US Traffic Fatalities Rose in the First Quarter of 2022
A government report released earlier this month called the Early Estimate of Motor Vehicle Traffic Fatalities for the First Quarter of 2022 found that 9,560 people were killed in traffic fatalities in the first quarter of 2022. That number is a seven percent increase over the same period in 2021, and the highest number in 20 years.
Safety experts such as the administrator of the National Highway Traffic Safety Administration (NHTSA, Steven Cliff, have been sounding the alarm for months about the increase in risky driving behaviors that have skyrocketed since the onset of the pandemic. Despite the feeling that the pandemic is waning, risky driving behaviors such as speeding have continued at very high rates.
Regions with the highest increase in US traffic fatalities
The NHTSA estimated that 29 states and the District of Columbia all experienced higher road deaths over 2021.
- The highest increases in traffic deaths were seen in the mid-Atlantic region, with a shocking 52 percent jump in deaths. The region includes Maryland, Delaware, Virginia, West Virginia, Kentucky, North Carolina, and Washington, D.C.
- Delaware had by far the largest percentage increase in traffic fatalities of any state with a jump of 163 percent.
North Carolina had the largest increase in the number of people killed with 171 more people dead this year than in the first quarter of 2021.
- New England experienced the second-highest jump, with an increase of 23 percent.
- The third highest region was the greater New York area, which had 18 percent more fatalities.

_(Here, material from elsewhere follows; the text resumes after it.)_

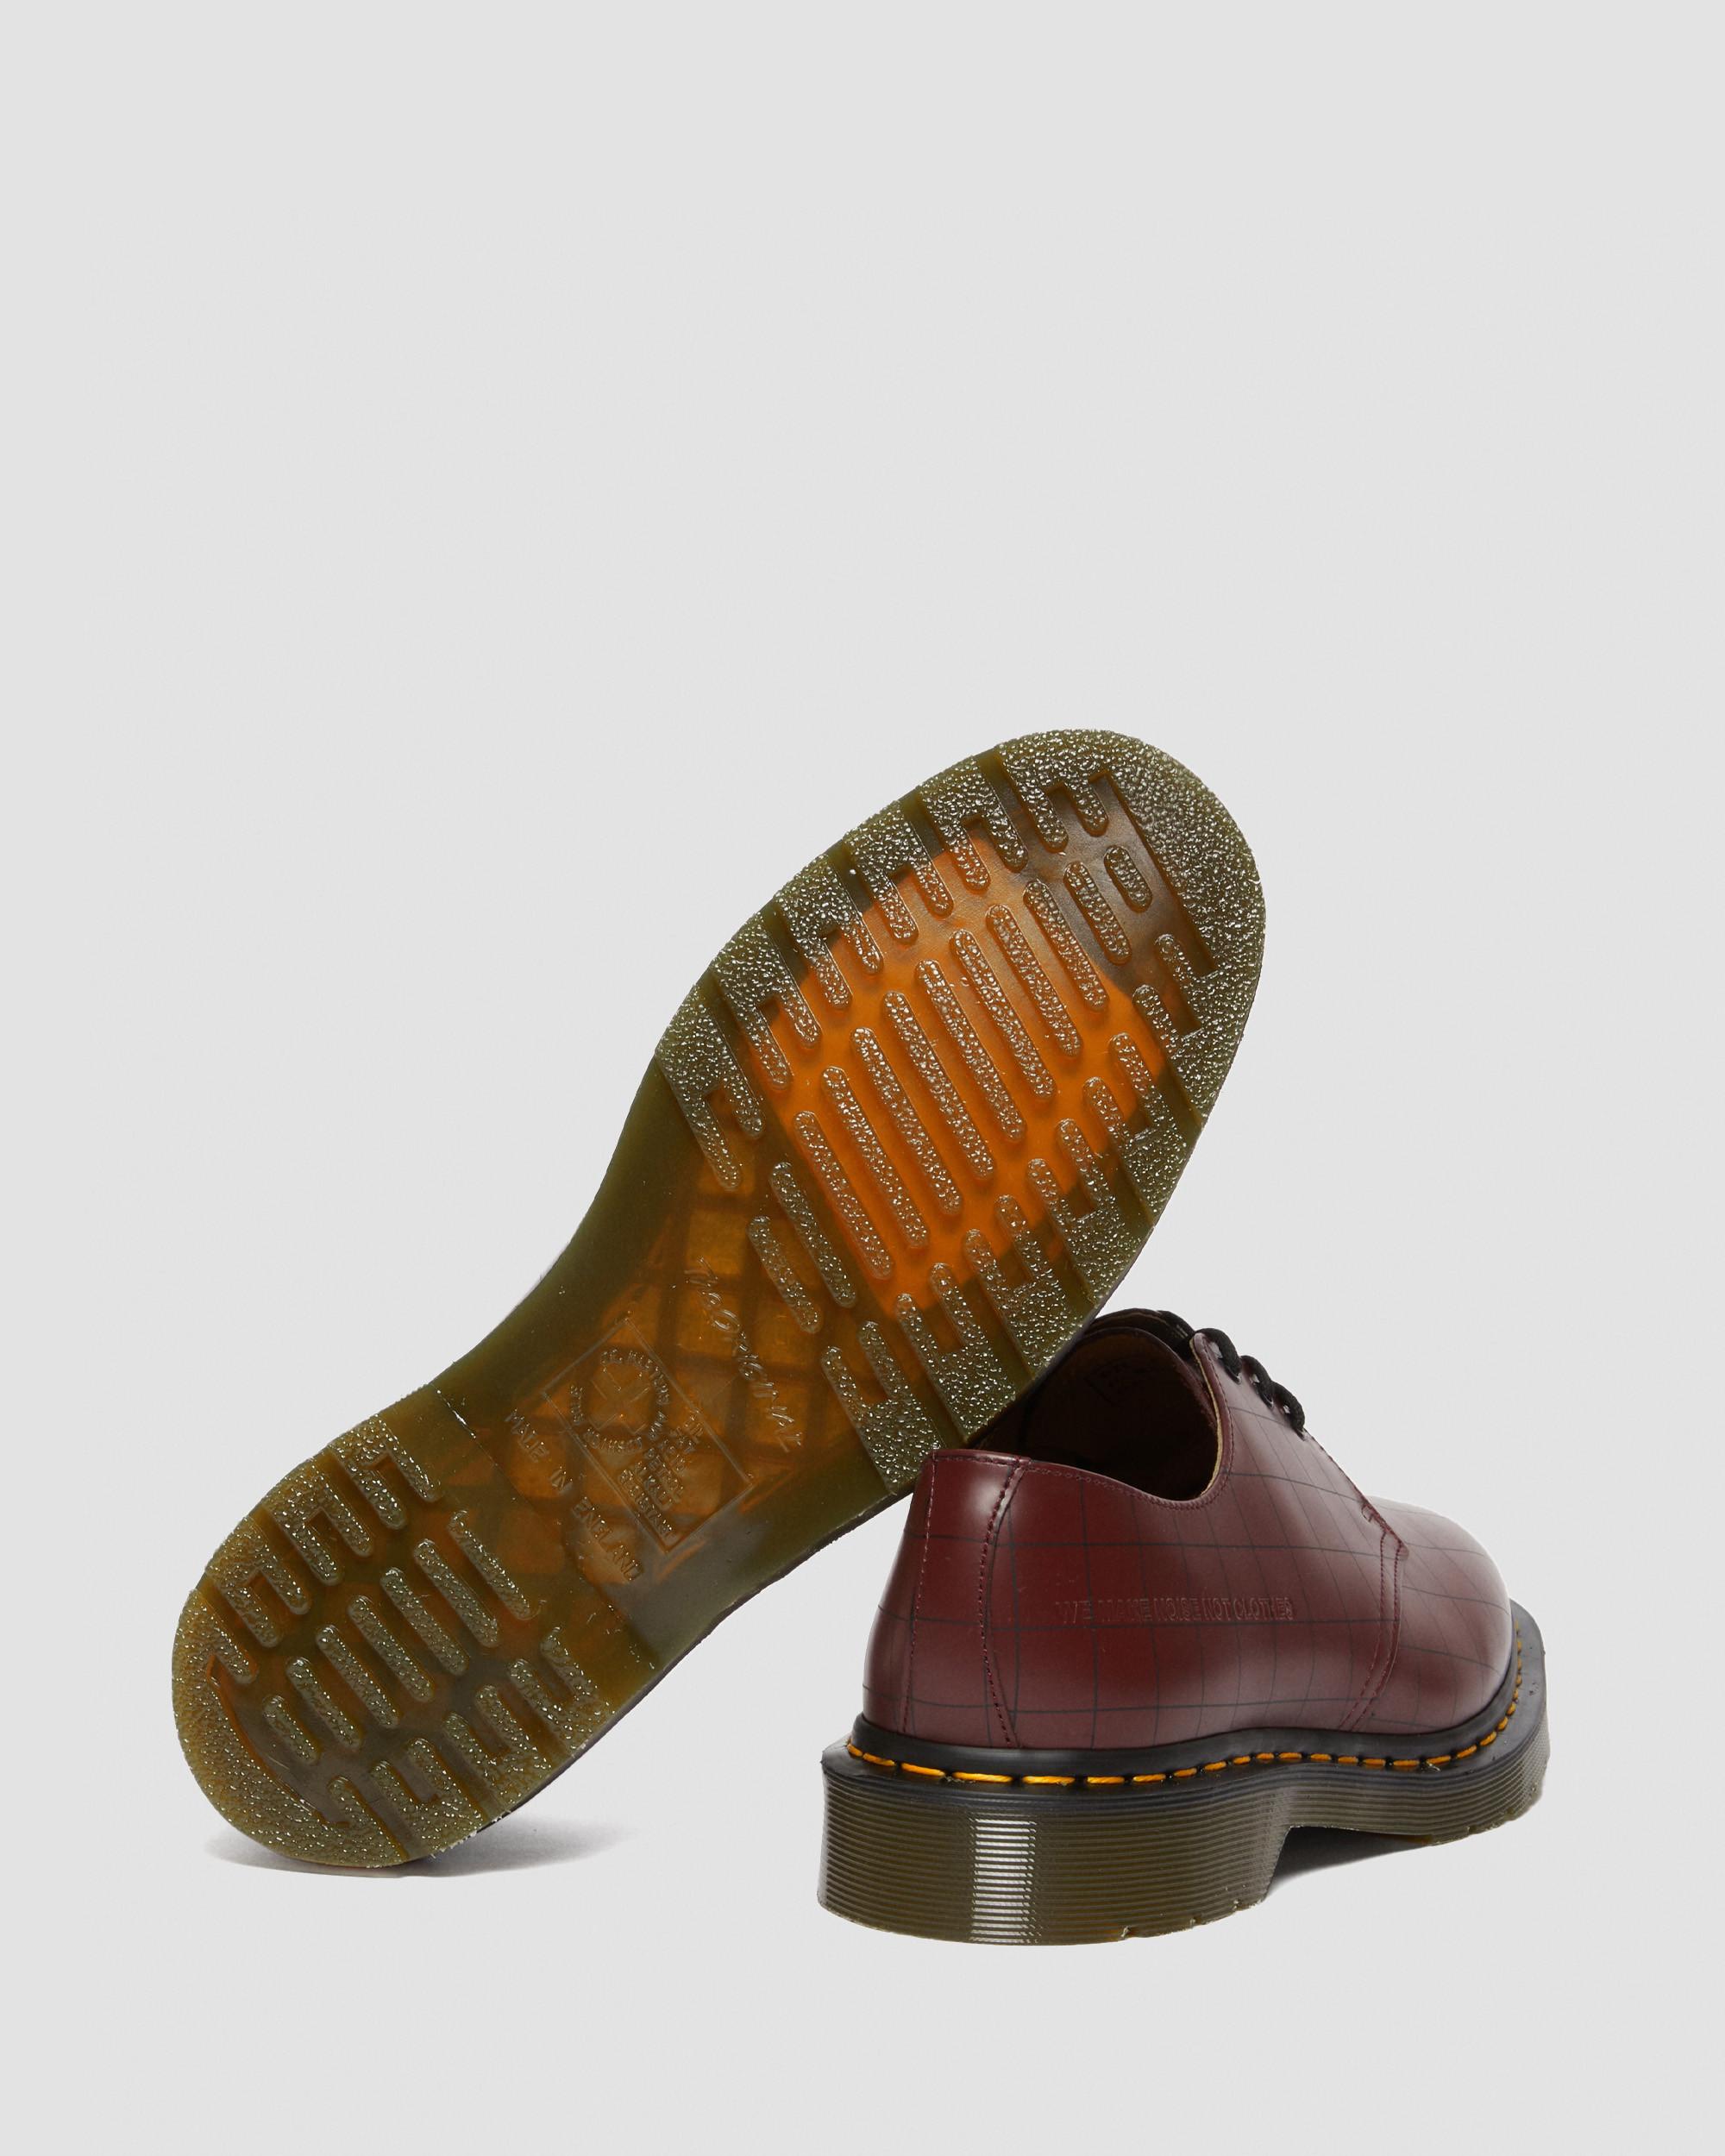 Chaussures 1461 Undercover en cuir SmoothChaussures 1461 Undercover en cuir Smooth Dr. Martens

- Most of the southern states and the interior West experienced only small changes in their numbers over 2021 but southern states had the highest fatality rates in the country in early 2021 so flat numbers aren’t great news for the region.
- The states who fared the best were California, Arizona, and Hawaii that collectively experienced an 11 percent decrease in road deaths.

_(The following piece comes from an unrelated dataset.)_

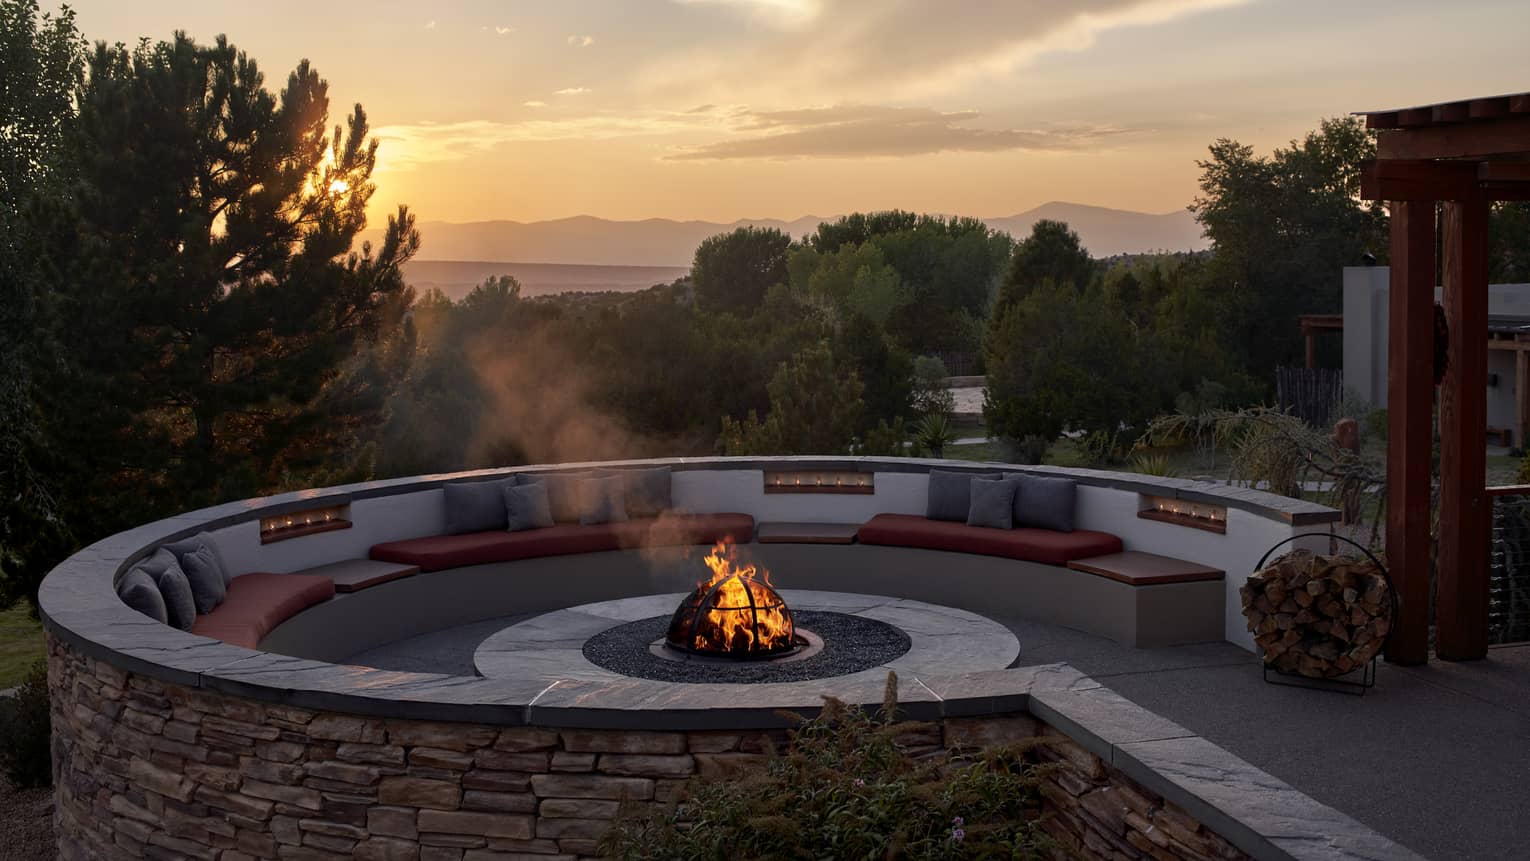 A firepit outside during a sunrise, surrounded by trees and plants.

While traffic deaths have been on an upward climb for almost a decade, numbers got dramatically worse when the pandemic started. In total, we lost about 42,000 people in road deaths in 2021, which is 10,000 more people in a year than numbers from a decade ago.
Needless to say, safety advocates complain that the NHTSA hasn’t taken more proactive steps to implement safety standards that could reduce accidents, including:
- Restrict vehicle size (larger vehicles tend to have bigger blind spots)

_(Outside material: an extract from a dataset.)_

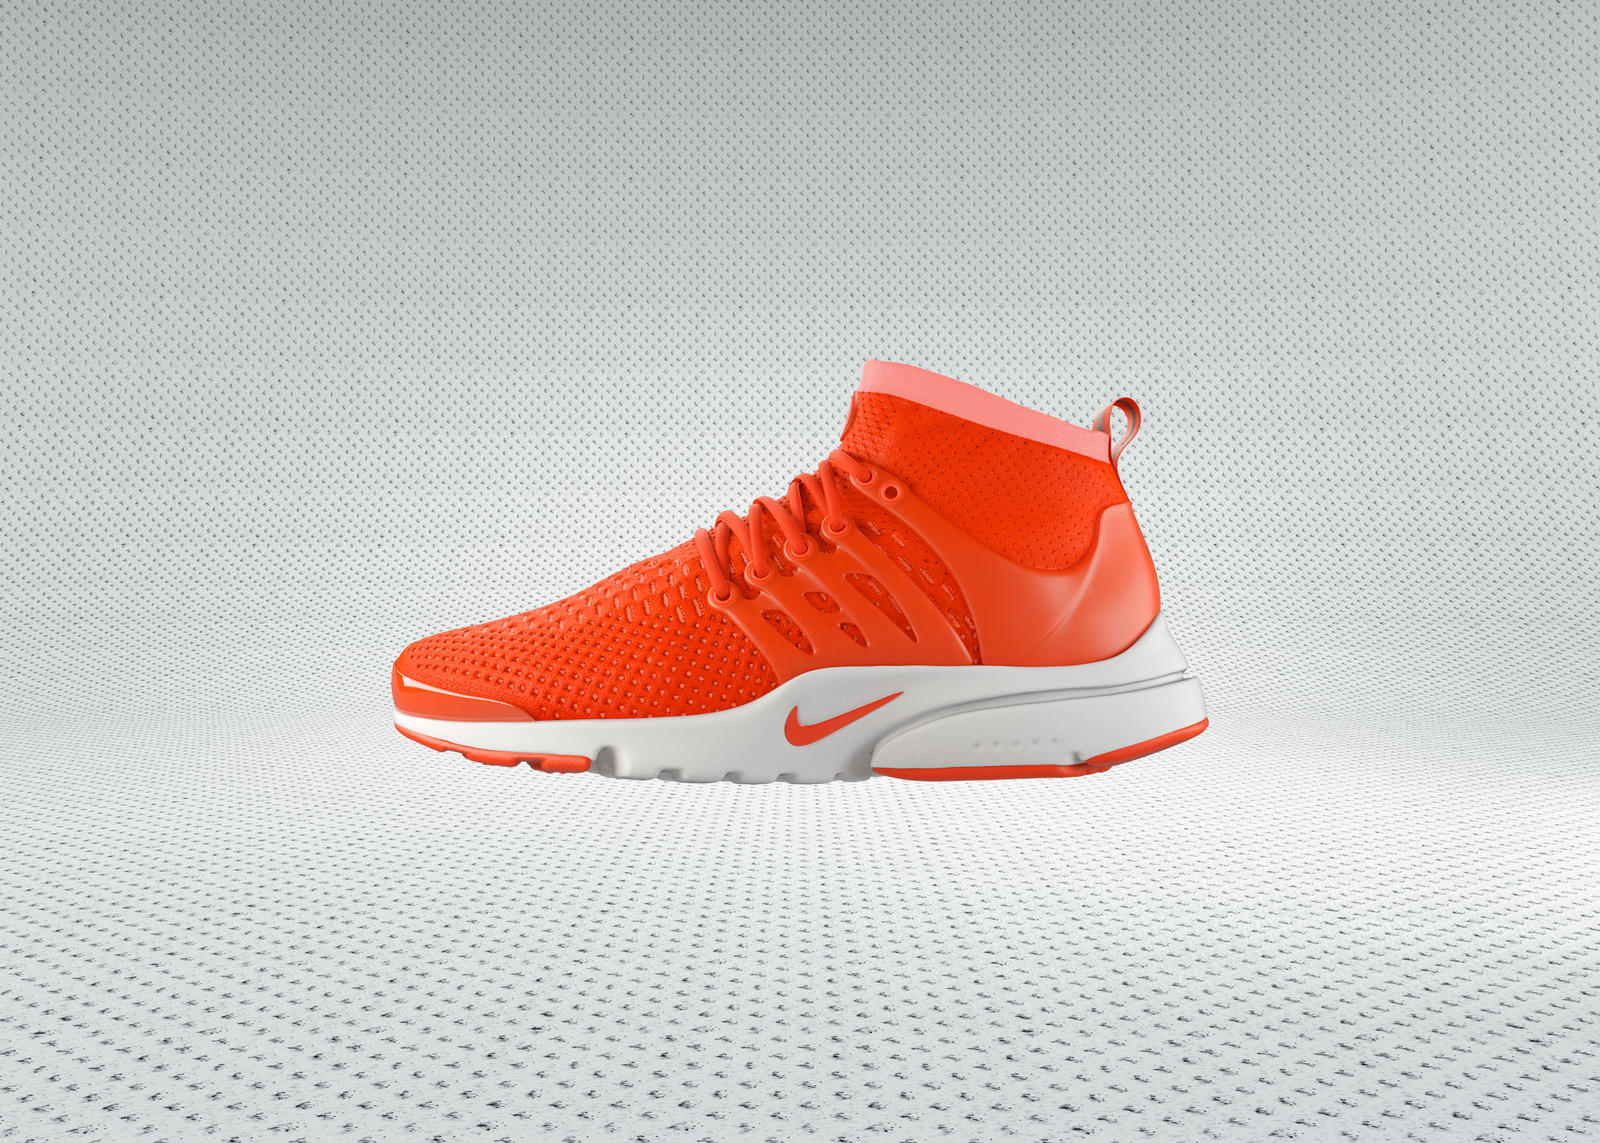 The Nike Air Presto Gets Updated with

- Restrict distracting interactive elements such as video screens
- Test vehicles for their impact on pedestrians, cyclists or other vehicles in crashes
- Reduce Tesla’s ability to promote “self-driving” features that have led to crashes
In January, when numbers were already looking alarming, Transportation Secretary Pete Buttigieg shared the Biden administration’s approach for improving road safety with an emphasis on “safer people, safer roads, safer vehicles, safer speeds and better post-crash care.”
Reducing the number of traffic fatalities will require a range of efforts, including better safety standards and regulations and drivers reducing risky driving behaviors.